За окном опять ветер. Значит, на море шторм. И во тьме качает ваше суденышко. И я гляжу сквозь ночь и молю бога морей, чтобы утром было тихо. Чтобы не страдали рыбаки и чтобы не страдал сильный мой.
Ну вот, а теперь можно и поцеловаться. А ну-ка, еще раз, вот так! Мало? Ну что ж, можно еще поцеловаться сто и один раз. Ну, как? Опять мало?
Очень люблю тебя, мужественного, честного!
Твоя одинокая Катя.
Я получила, наконец, твое письмо. Покорно склоняю свою голову под твоими суждениями, но виновной себя не чувствую. Все понимаю, все принимаю, но не оправдываюсь, не защищаюсь, ты не знаешь всего, чтобы так строго осудить меня. Да собственно, ты не осуждаешь меня, а жалеешь. Это ведь так явствует из каждого твоего слова. Ты пишешь, мне не хватает трезвости в поступках. Мама, позволь мне об этом самой судить. Быть может, я и ошибаюсь в частностях, в мелочах, но в главном — в честности и человечности — нет. Все учителя — психологи. У меня сорок учеников. Я не всех их узнала до конца, но научилась отличать искренних и прямых от подхалимов и карьеристов. Да-да, дорогая моя, уже в таком возрасте заложены зерна добра и зла. И теперь, когда я встречаюсь со взрослыми, то вижу в них бывших детей и почти никогда не ошибаюсь, — знаю, кто — кто.

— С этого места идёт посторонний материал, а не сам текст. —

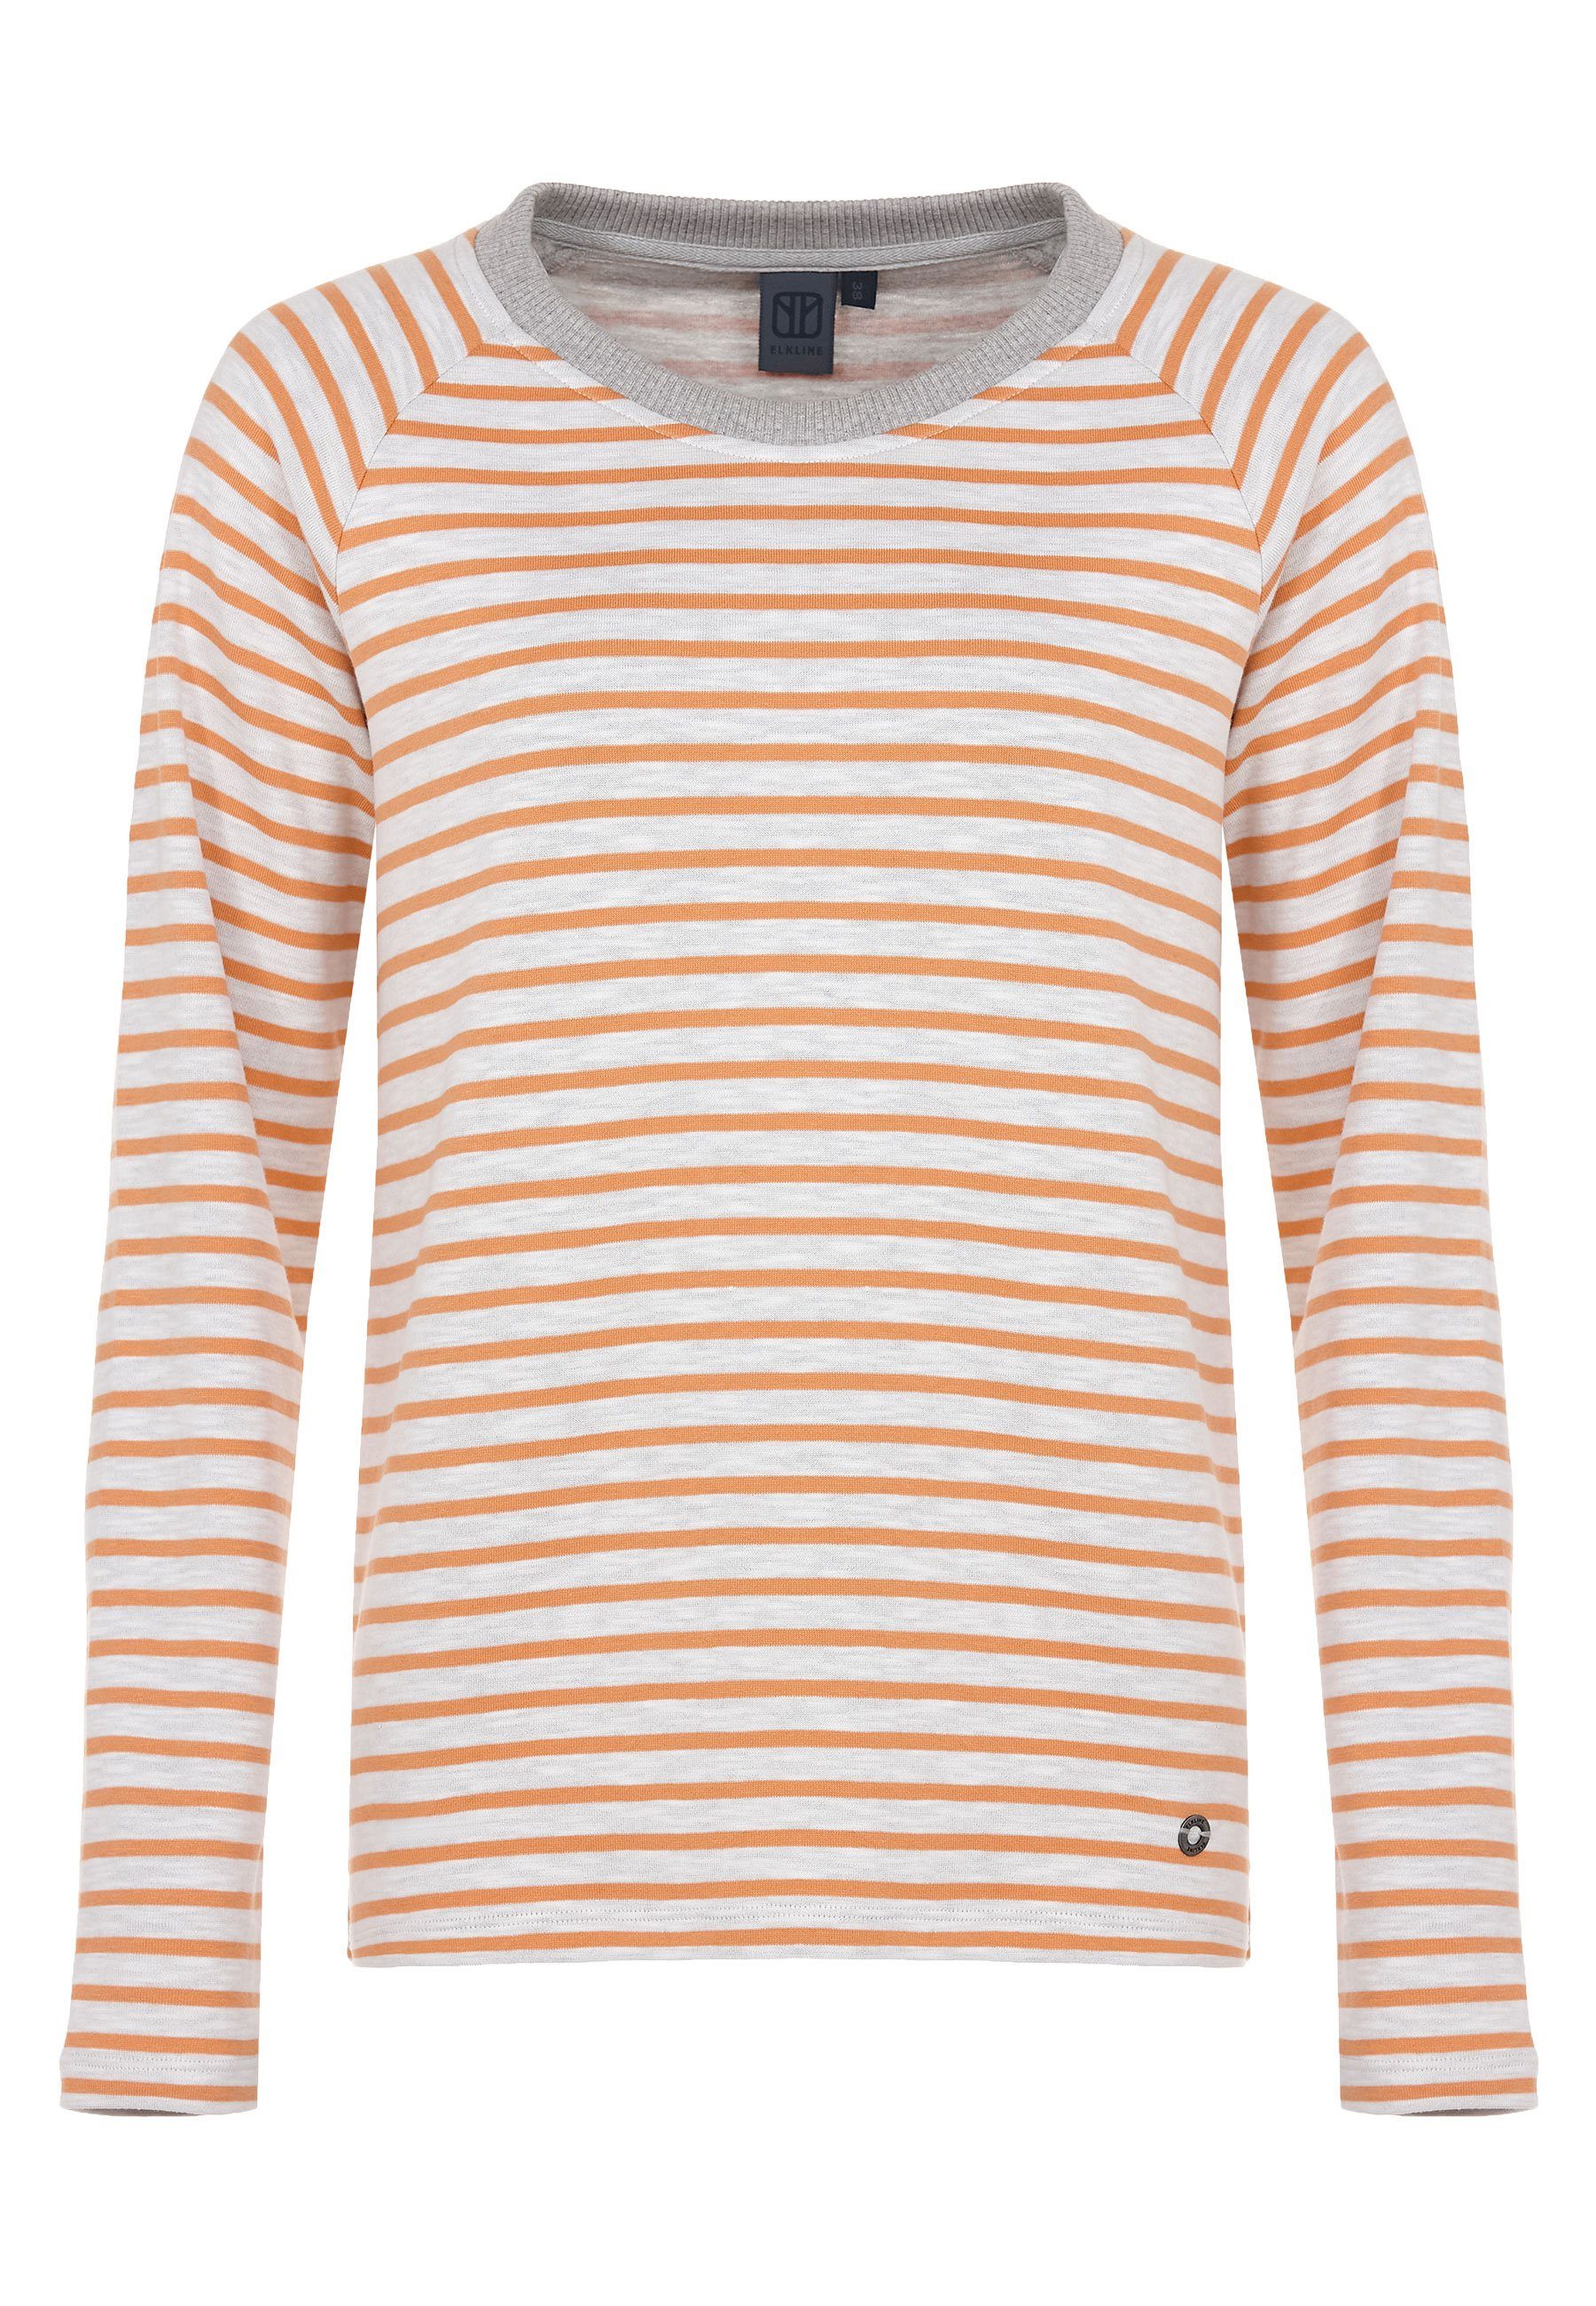 Tomorrow Sweatshirt weiter Elkline soft Halsausschnitt white Streifen orange -

Ты пишешь, что я еще девочка! Ну что ты, мама, — мне двадцать, да к тому же здесь, на Камчатке, слишком круты требования к человеку. Я это почувствовала на себе, и мне пришлось срочно повзрослеть. Поэтому, боюсь, поползут нехорошие подозрения, что меня, твою глупенькую, «обольстили», «обесчестили». Тебе, наверно, рисуется мой Андрей этаким верзилой, с хмурым взглядом, рычащим басом. Нет, это хороший, чистый парень, а точнее, мальчишка, с некоторым наносом бытовой скверны. Но она день ото дня все больше слетает с него. Поэтому не надо его «ненавидеть». Если бы я не хотела быть с ним, если бы не полюбила, ничего никогда бы и не произошло. И почему это «некоторые» считают, что я не могу теперь «ходить с гордо поднятой головой»? Кто это — «некоторые»? И почему? Разве не ты мне говорила, пусть он будет простой парень, лишь бы любил тебя. Так вот он — простой парень, он любит меня. Чего же еще? Или теперь, когда подошло все вплотную, ты уже иного взгляда и хотела бы, чтоб я нашла жениха с высшим образованием? Сколько я их встречала таких, с высшим образованием — «пай-мальчиков», равнодушных ко всему. А тут — сила! И я не способна к пассивной, покорной любви. Ты боишься за мой «интеллект», боишься, что я «посерею». Напротив, я столько узнала за год жизни здесь, сколько бы не узнала и за двадцать, живя дома.
Теперь относительно продления моей прописки. Мы посоветовались с Андреем и решили, что продлевать прописку не надо. Я должна жить здесь. Птенцы не возвращаются в свои гнезда, они должны строить новые. И не надо меня уговаривать. Я уже не та беспомощная девочка, что удрала от мамы на край света. И еще, подумай сама, как это будет выглядеть со стороны, если я продлю ленинградскую прописку, ведь это значит — подготовить путь к отступлению, заранее приготовить окопчик на случай позорного бегства? Нет, так не годится! Мое место здесь, рядом с ним, навсегда, куда бы нас ни забросила судьба. Я нужна ему и счастлива, что могу осчастливить любимого человека.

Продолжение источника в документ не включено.